§ **Requirement**
Exact copy, pictures excluded: write out every line below.

§ **Data segment**
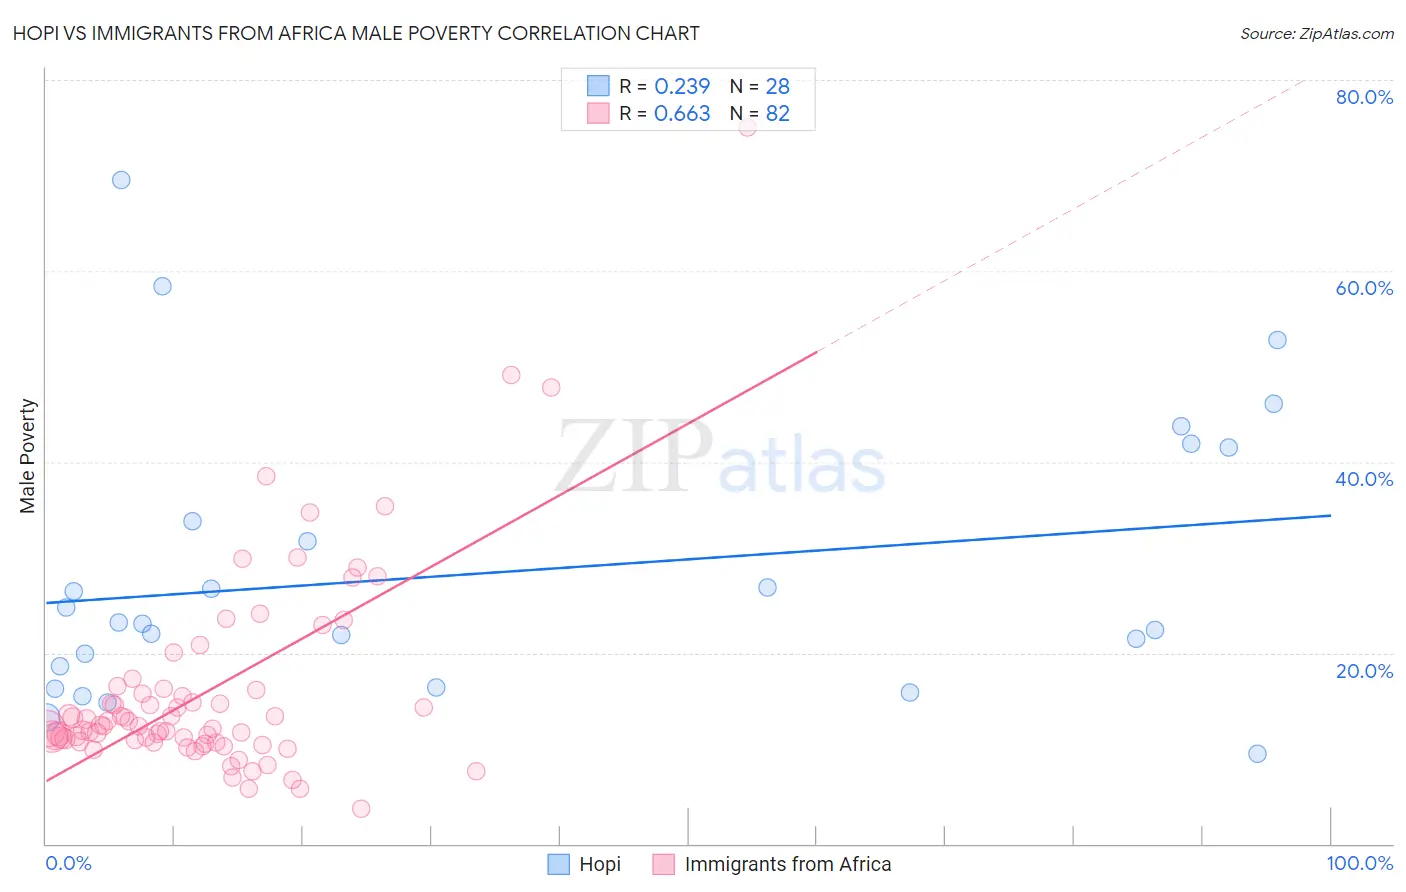 Hopi vs Immigrants from Africa Male Poverty
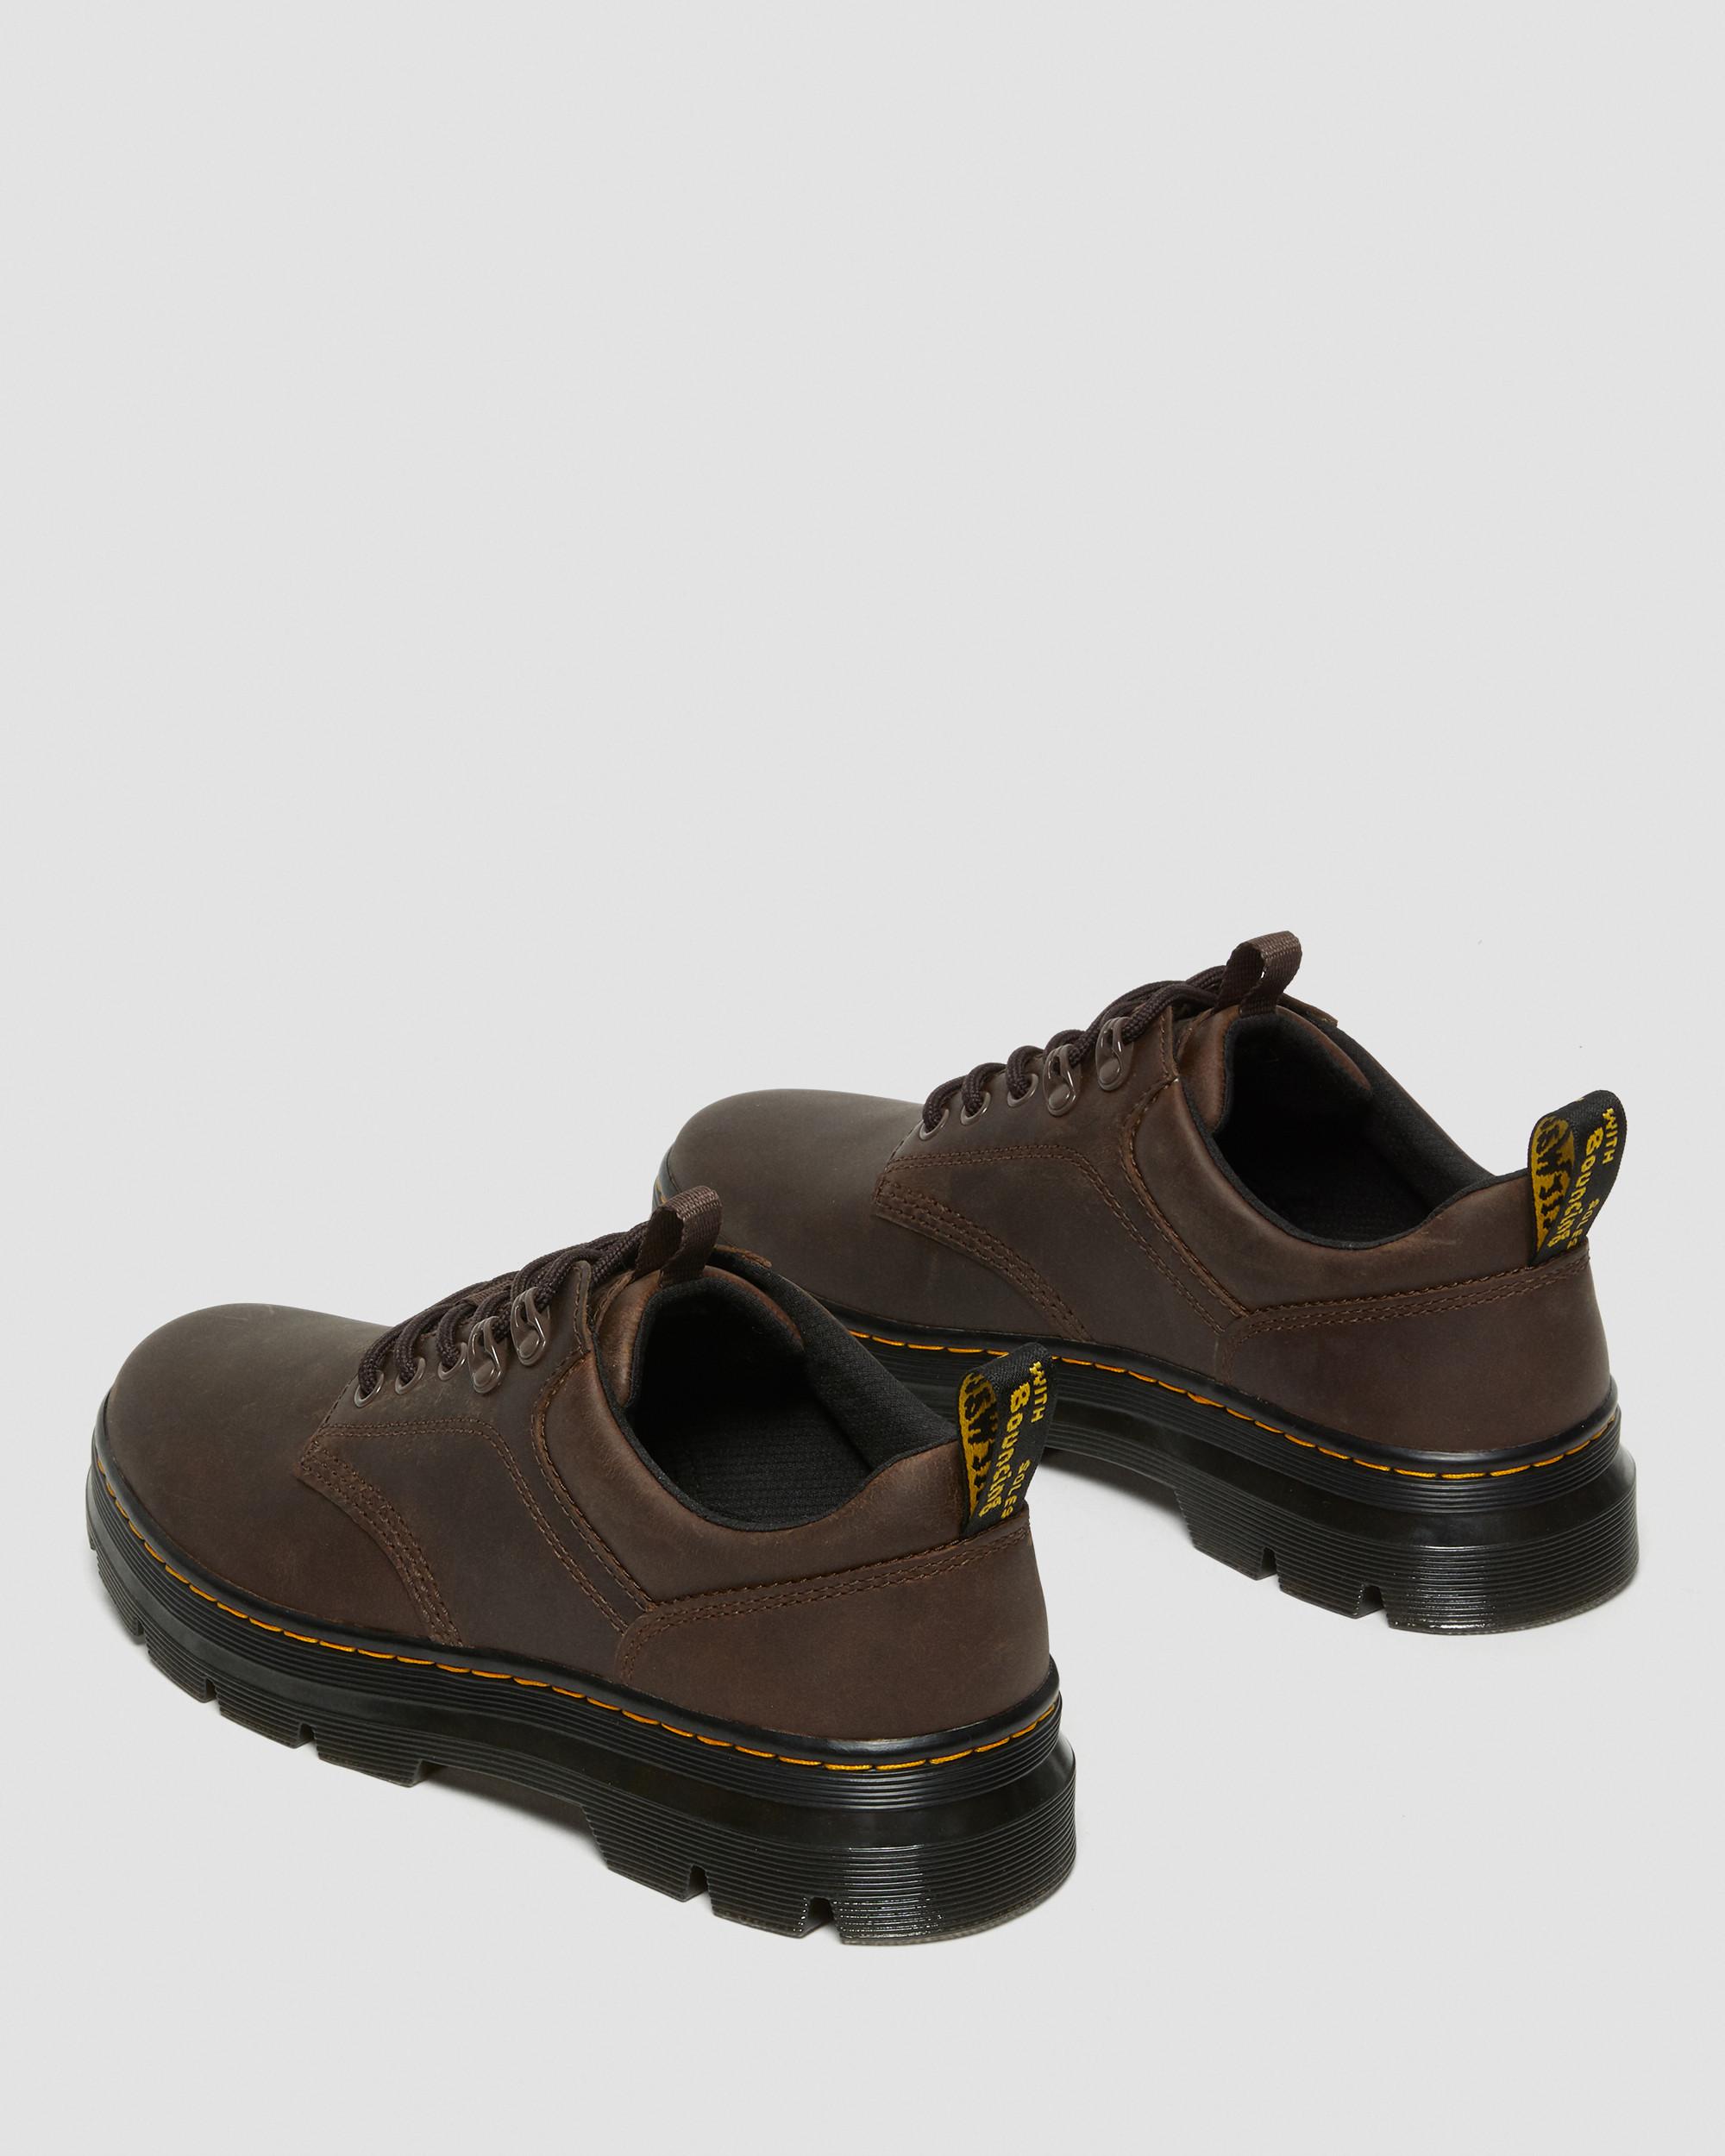 Reeder Crazy Horse Leather Utility Shoes in Dark Brown
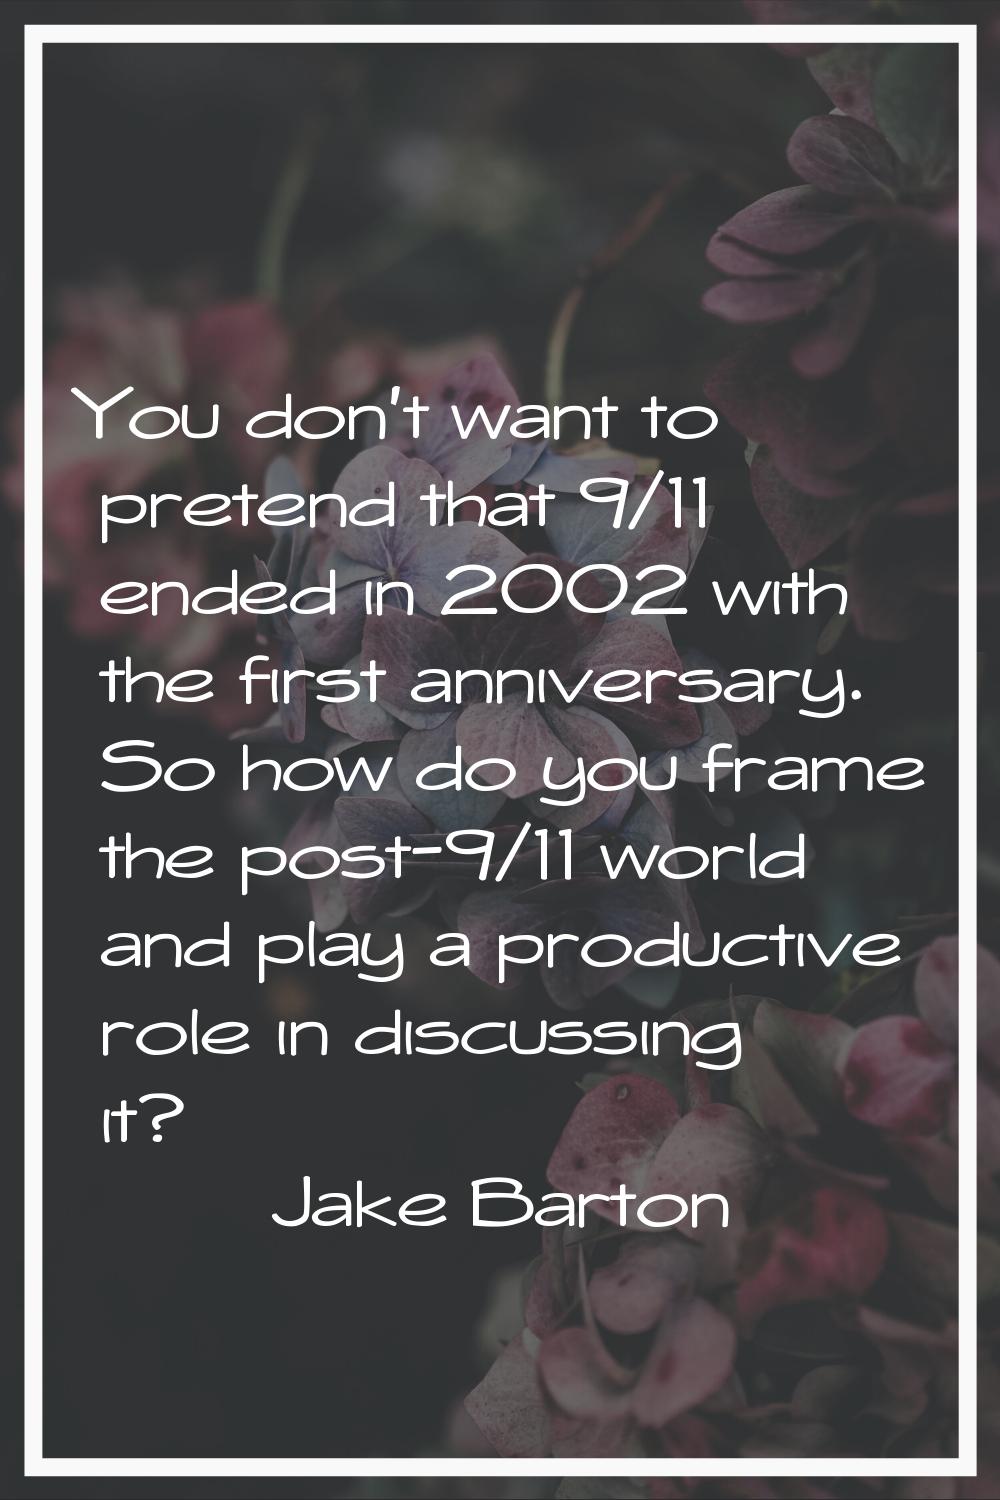 You don't want to pretend that 9/11 ended in 2002 with the first anniversary. So how do you frame t

§ **Finished task**
 Hopi vs Immigrants from Africa Male Poverty
 Reeder Crazy Horse Leather Utility Shoes in Dark Brown
 You don't want to pretend that 9/11 ended in 2002 with the first anniversary. So how do you frame t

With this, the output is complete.